Dataset section:
===============

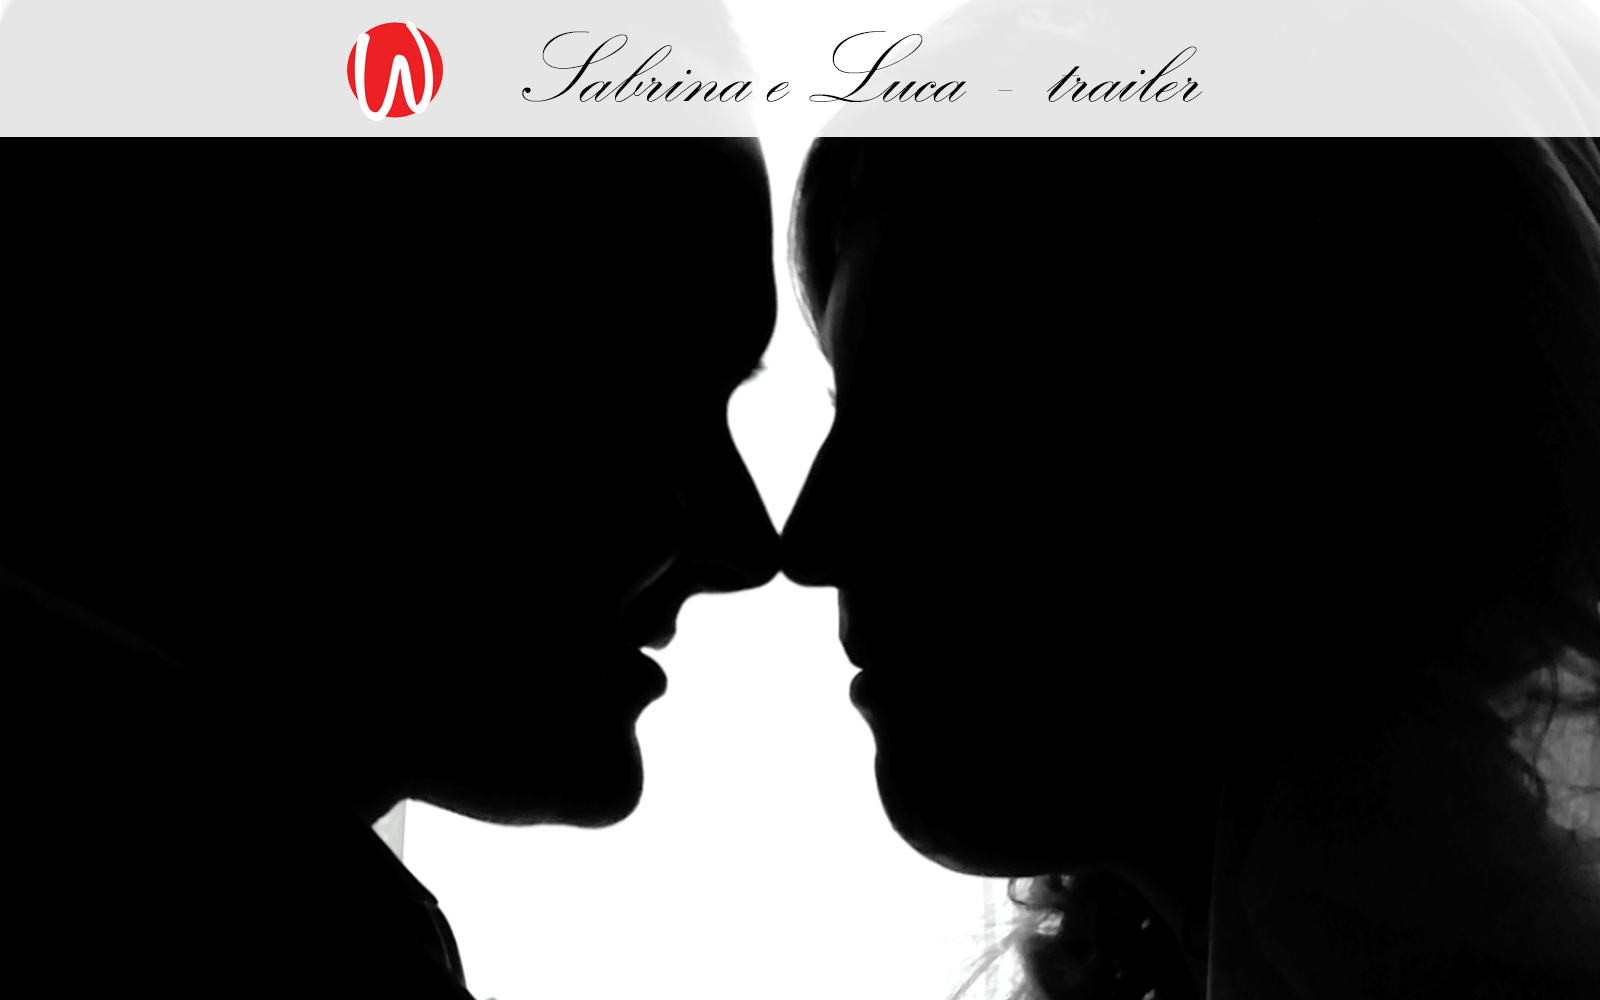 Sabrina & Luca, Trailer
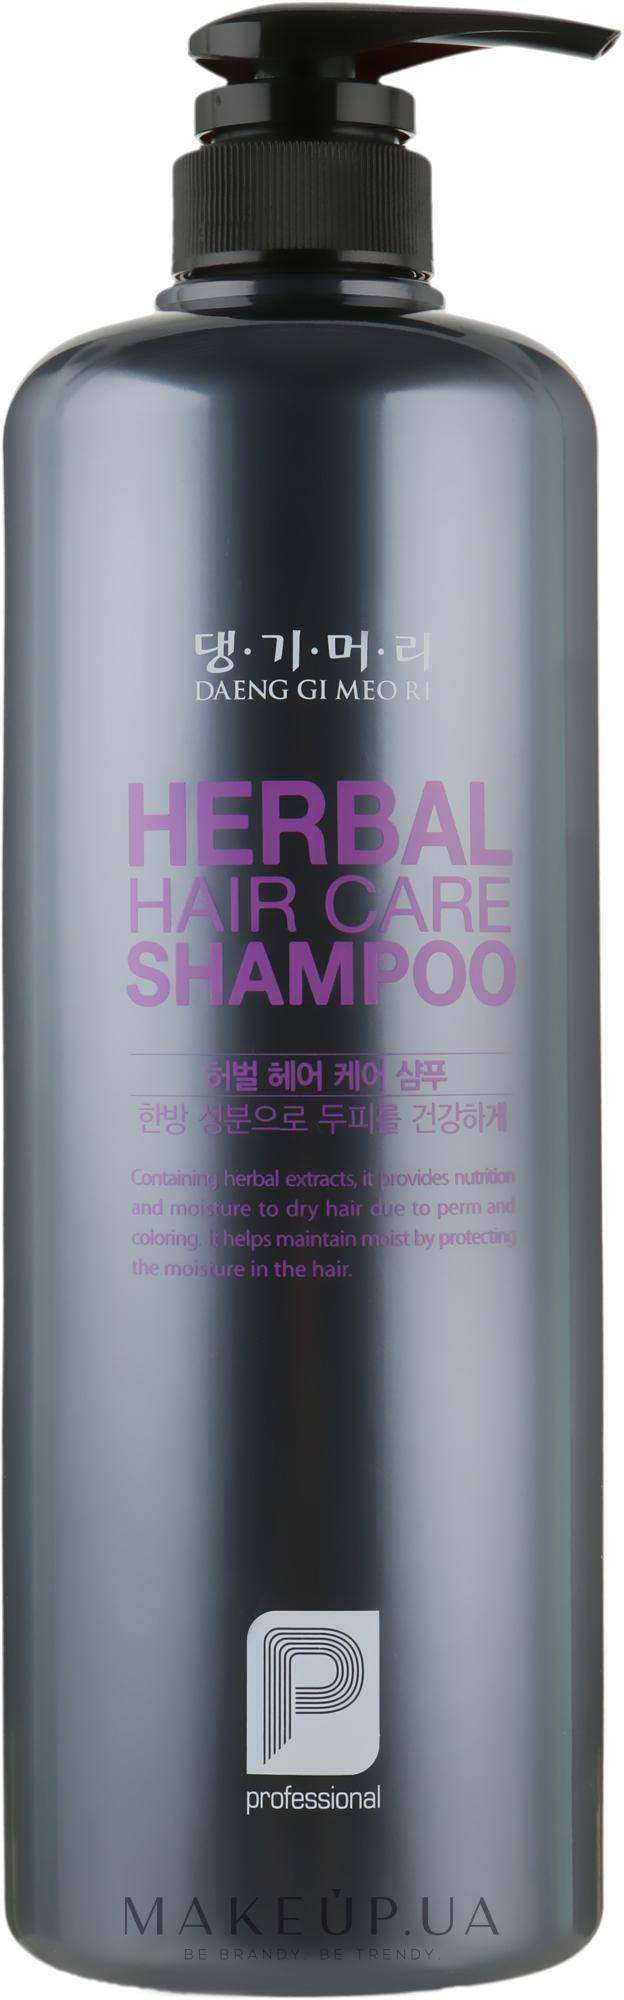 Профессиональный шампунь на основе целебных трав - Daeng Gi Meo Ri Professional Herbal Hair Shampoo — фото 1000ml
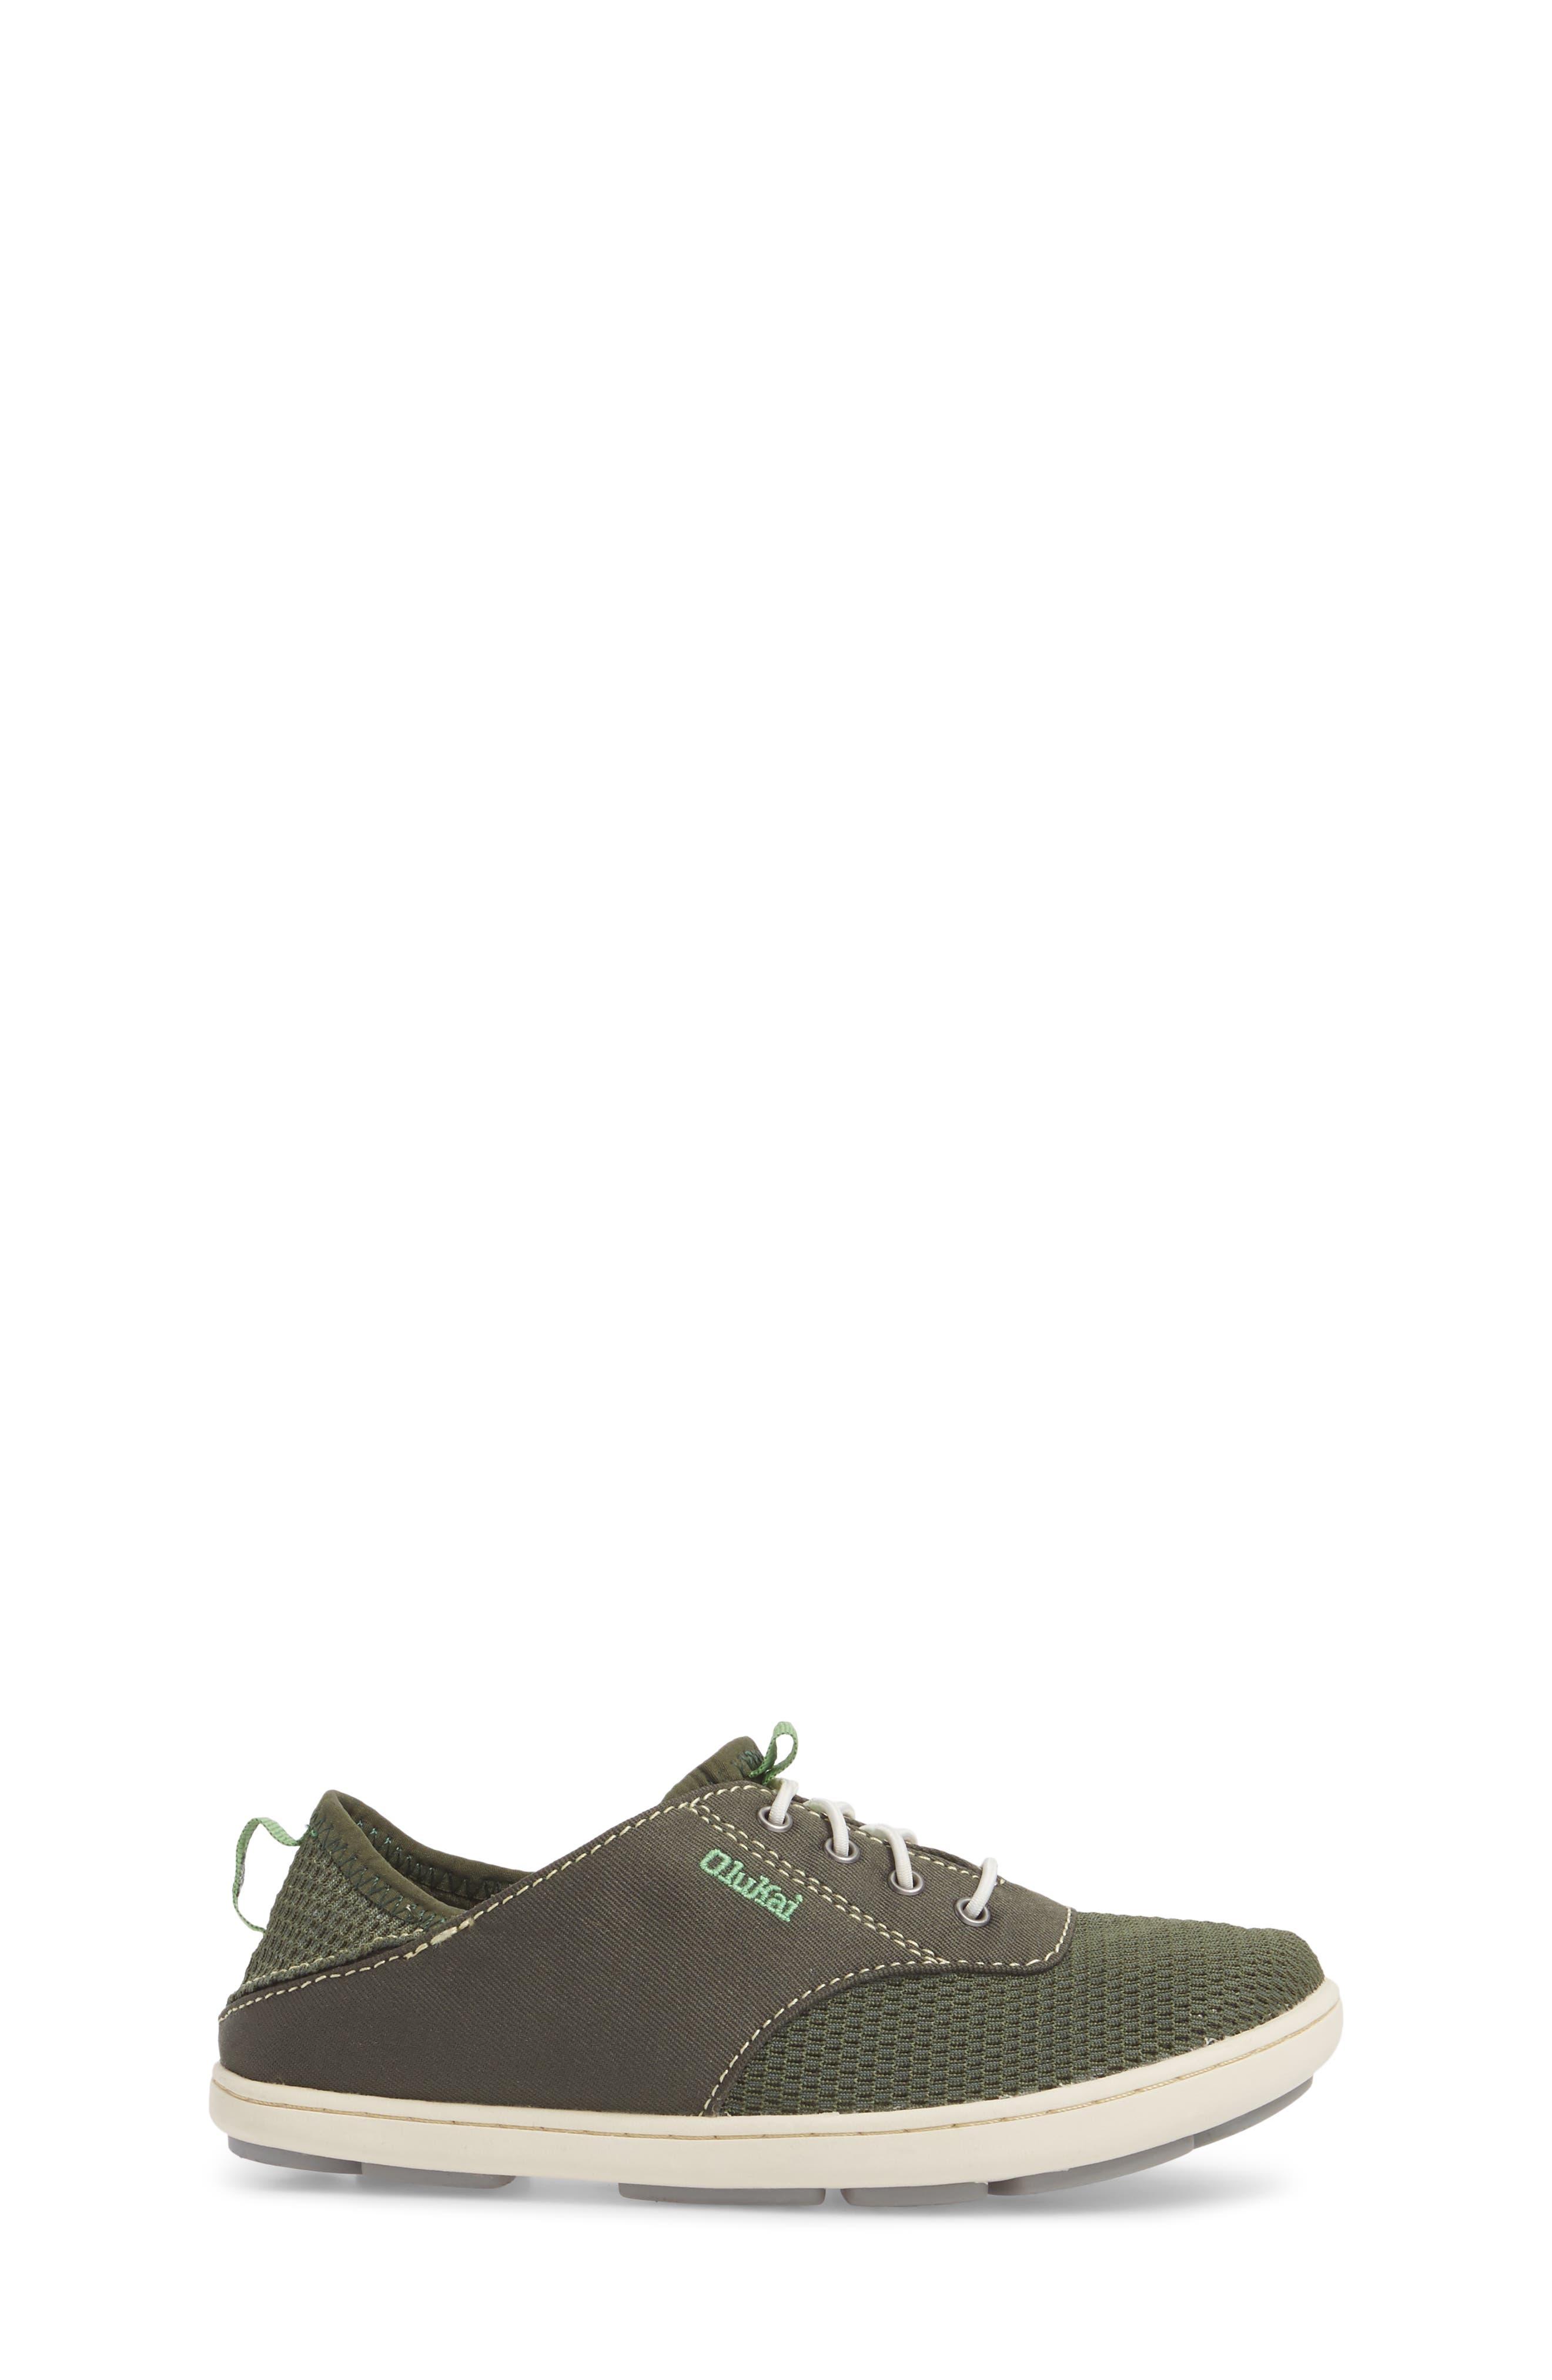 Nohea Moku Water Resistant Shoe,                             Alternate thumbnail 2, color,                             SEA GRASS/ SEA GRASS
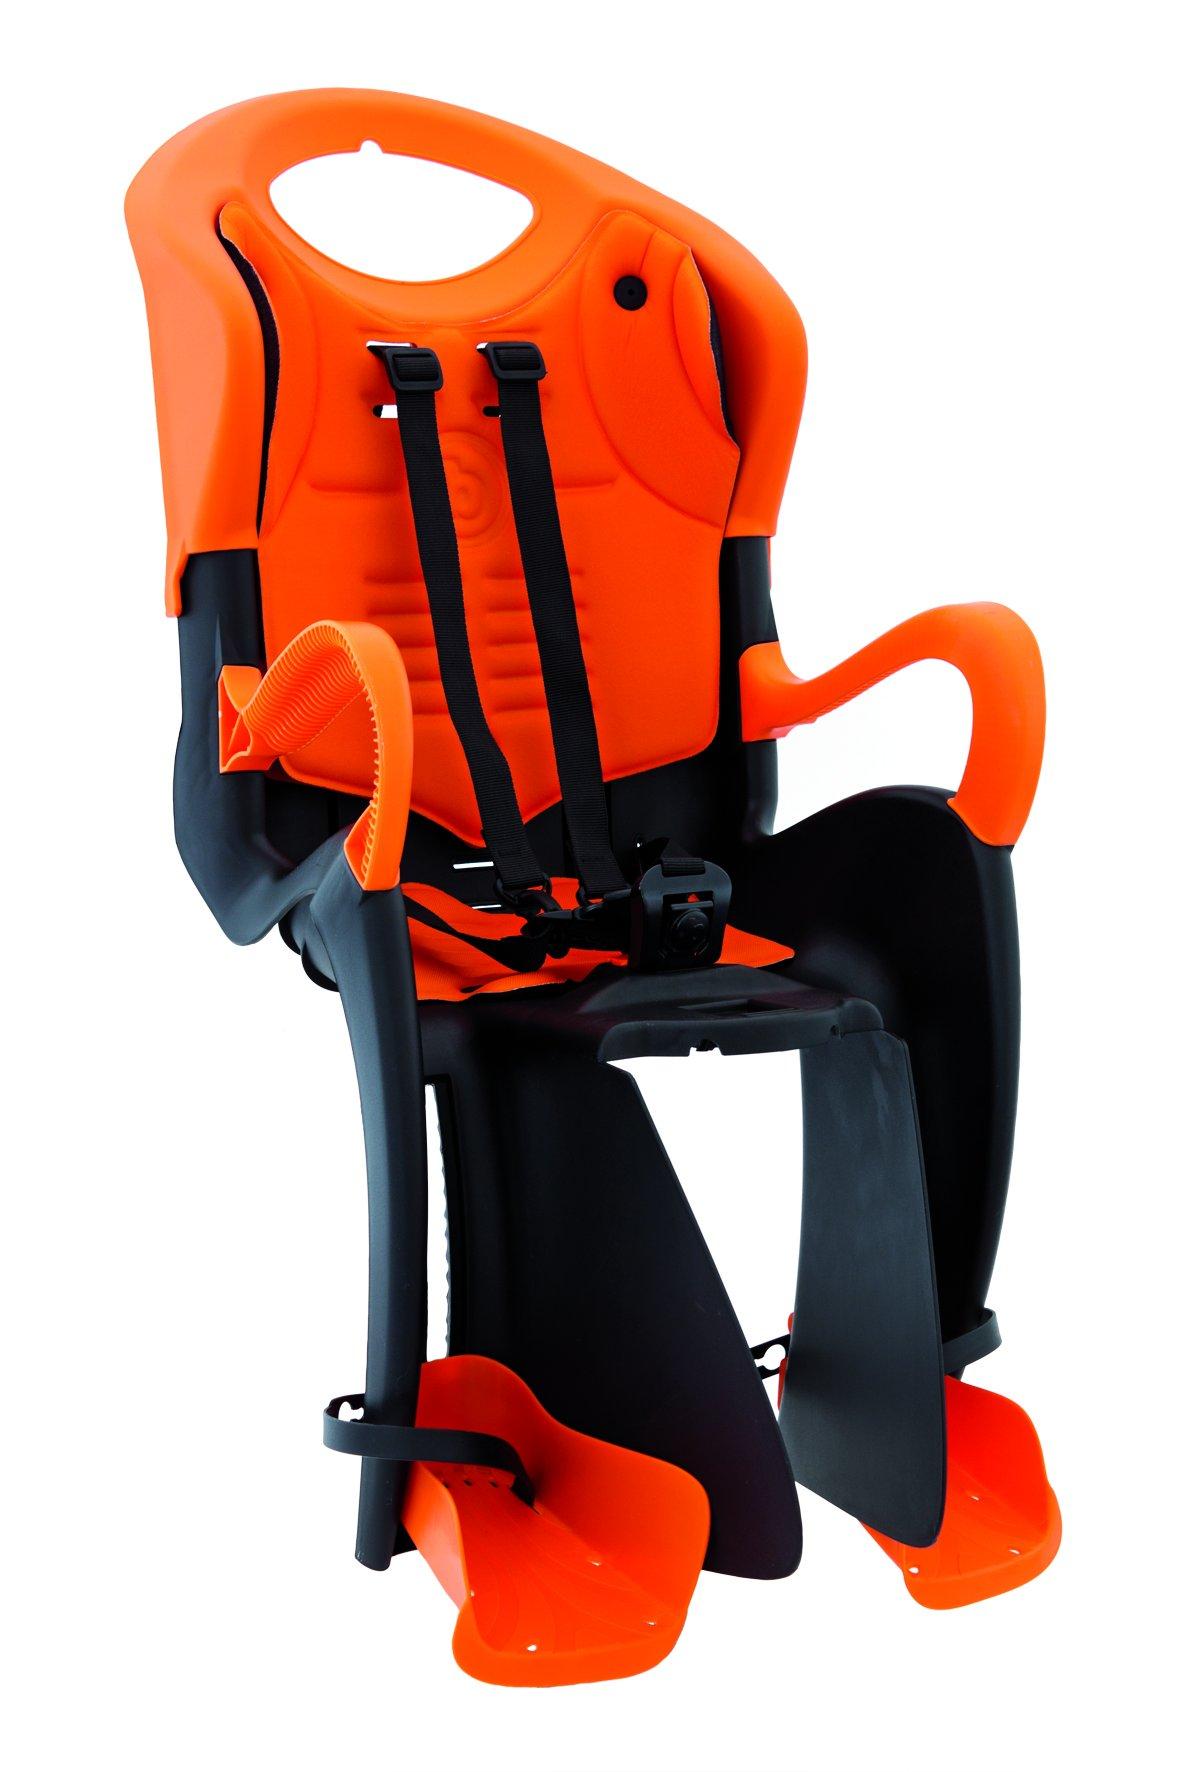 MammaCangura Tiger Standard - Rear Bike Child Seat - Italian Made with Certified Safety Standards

===============

What you will do: Would you restate word for word only the lines from the one containing "Nohea Moku Water" to the final line of the material, both ends included, without any pictures?

Solution to this task:
 Nohea Moku Water Resistant Shoe,                             Alternate thumbnail 2, color,                             SEA GRASS/ SEA GRASS
 MammaCangura Tiger Standard - Rear Bike Child Seat - Italian Made with Certified Safety Standards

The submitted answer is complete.